Mientras que en el último año el Gobierno de Doha ha bombardeado los hogares de Oriente Próximo con las imágenes de las revueltas en Túnez, Egipto, Libia, Yemen y Siria (Hamad bin Thamer, presidente de la emisora televisiva Al Yasira, es familiar directo del jeque qatarí), el poder absoluto de la dinastía Al Thani se extiende desde hace casi 200 años. Y pese a la total ausencia de partidos políticos, nadie rechista.

«¿Para qué queremos democracia, si tenemos el estómago lleno?»

«¿Para qué queremos democracia, si tenemos el estómago lleno?», asegura a este diario Ismail bin Khaled, quien regenta un negocio de venta de automóviles (de lujo, para más inri).
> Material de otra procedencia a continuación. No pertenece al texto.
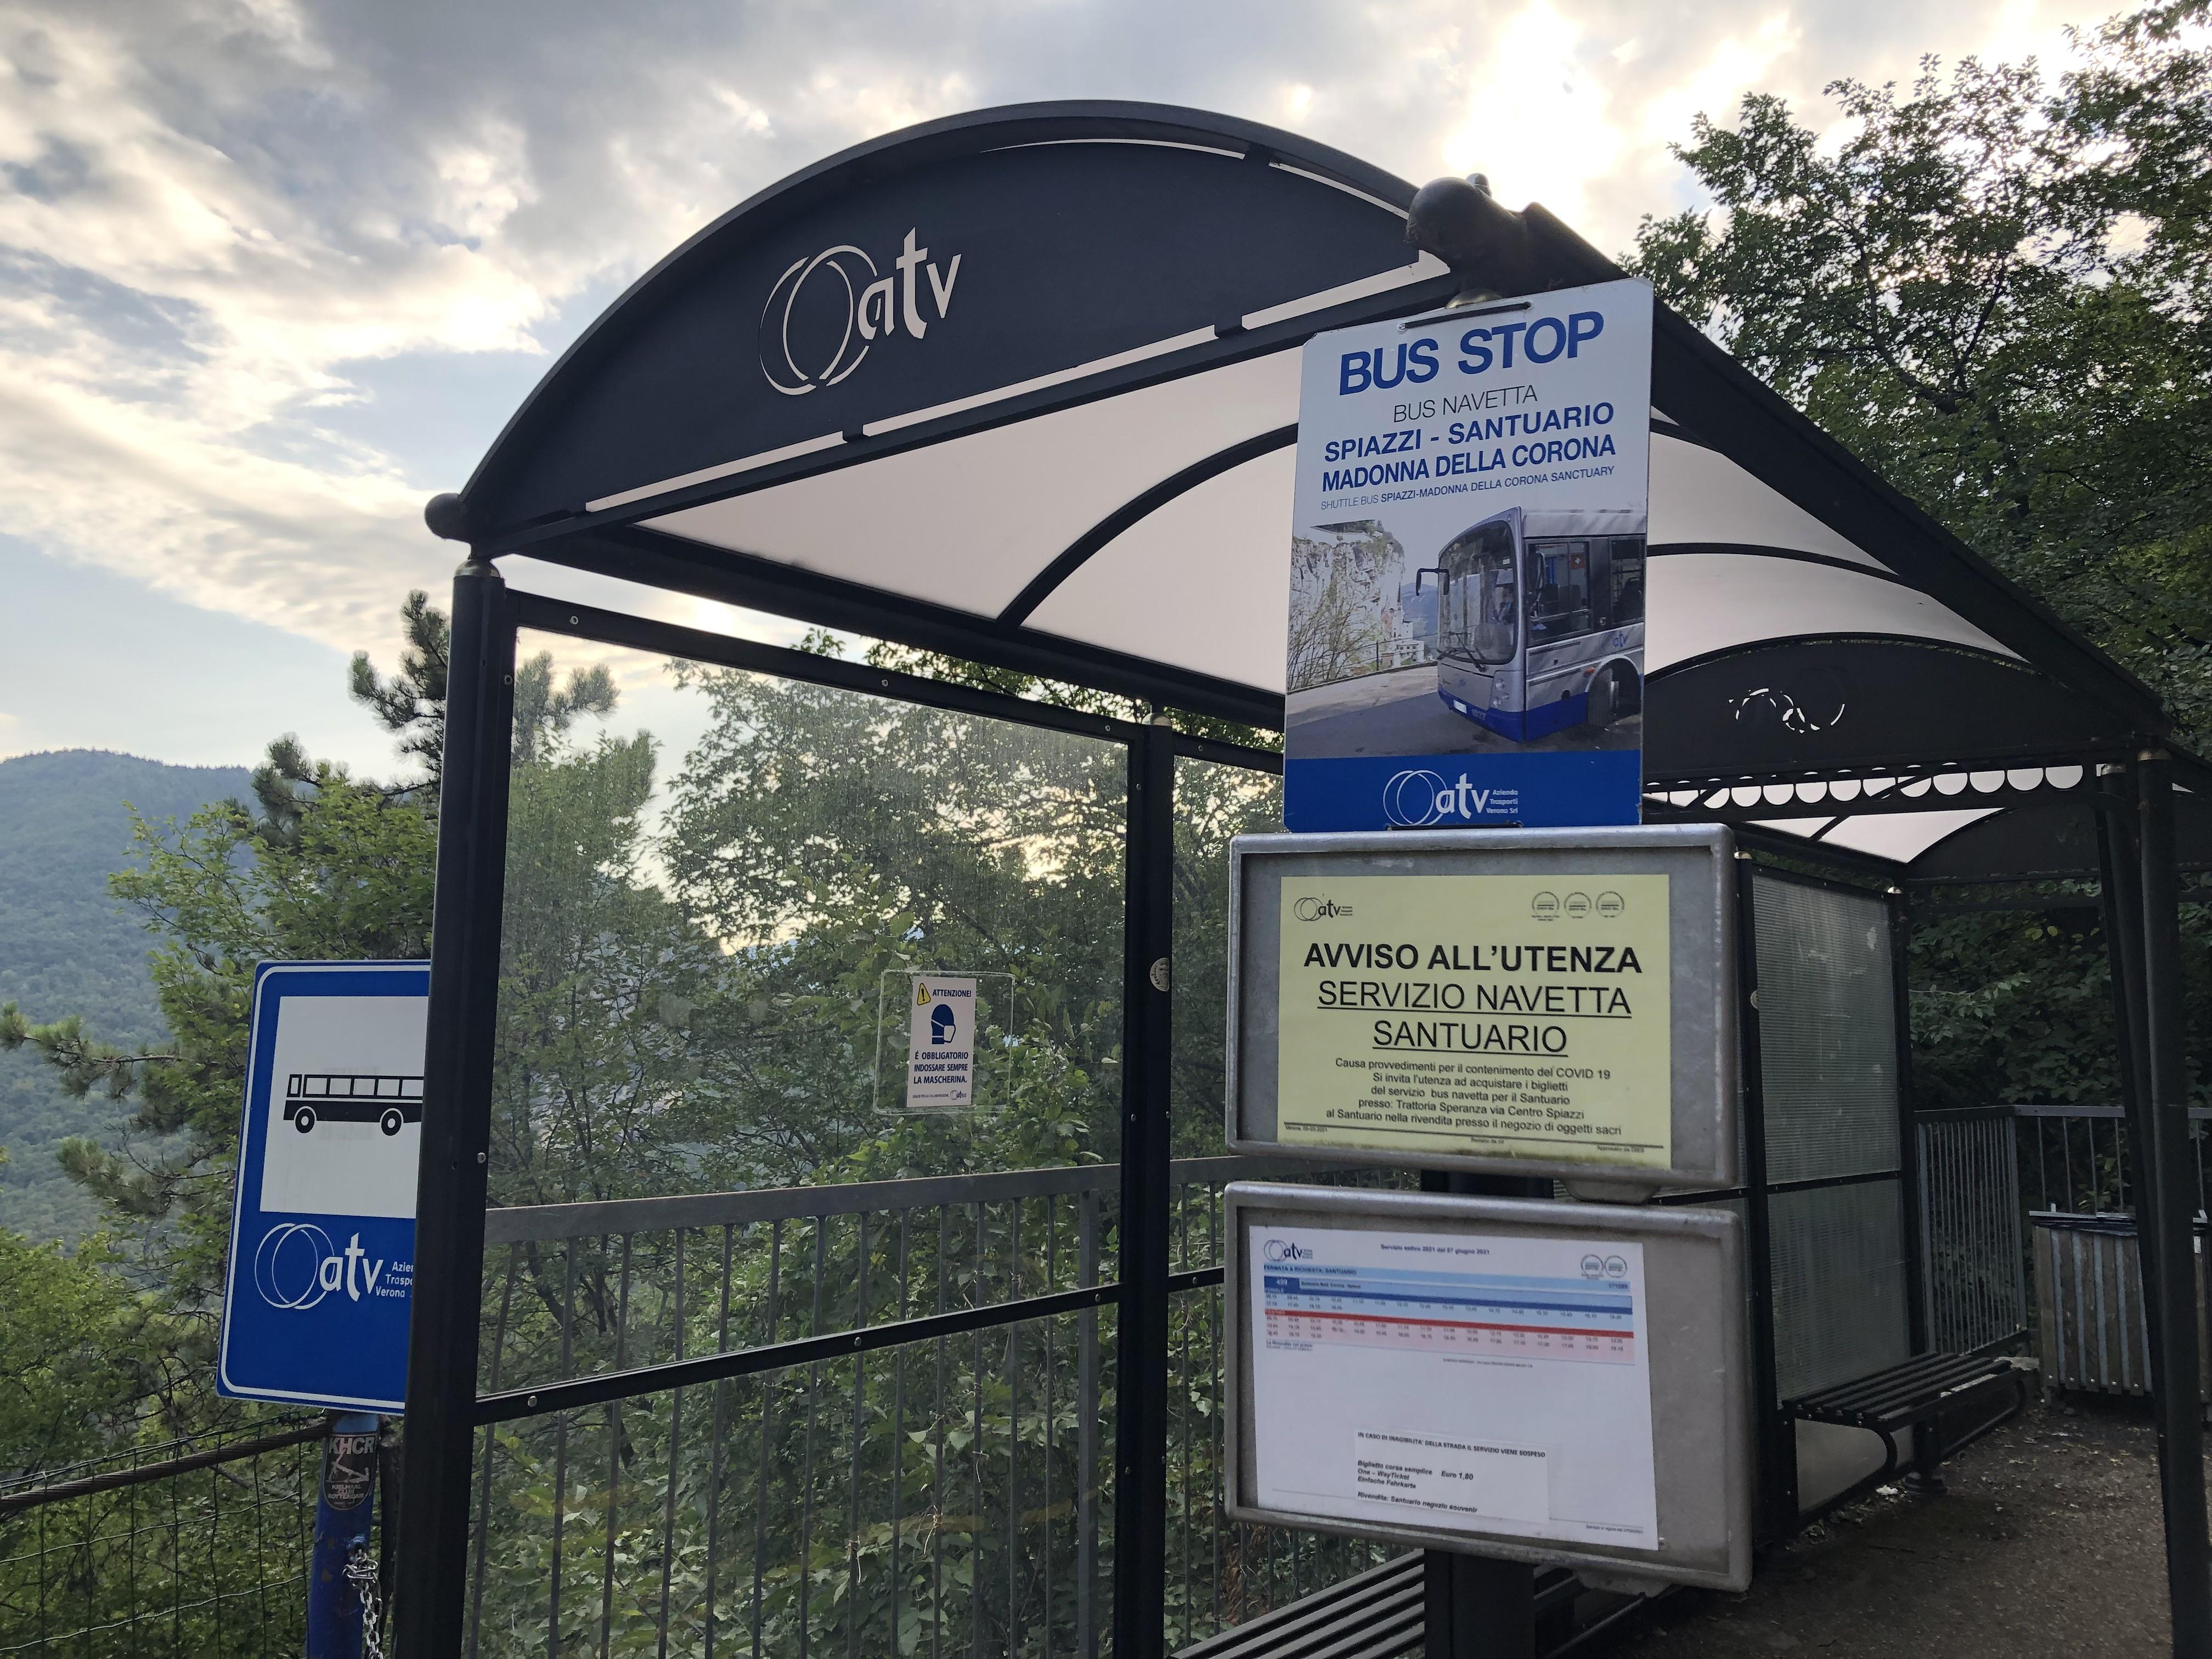 Italia - Italy - Casale Management - Travel - Veneto - Ferrara di Monte Baldo - Verona - Lago di Garda - Santuario Madonna della Corona - Fermata bus

Al bueno de Khaled puede que no le falte razón. En la última década, la creciente demanda de gas natural —terceras reservas mundiales en el territorio bajo nuestros pies— ha permitido a este emirato desarrollarse a una velocidad vertiginosa, configurando una Disneylandia irreal, sin las molestias de tener que celebrar comicios electorales.

«A tan solo unos kilómetros Bahréin sufre la violencia sectaria, los Emiratos Árabes Unidos encarcelan a disidentes, Arabia Saudí está en crisis... Nosotros solo queremos disfrutar de nuestra paz. El Gobierno es para los monarcas», se sincera este qatarí.

Eso sí, el lenguaje bélico de cara al exterior es ya otra cosa. De forma paralela al incremento de su popularidad entre la población, la voz pública del imperio Al Thani eleva su peso internacional.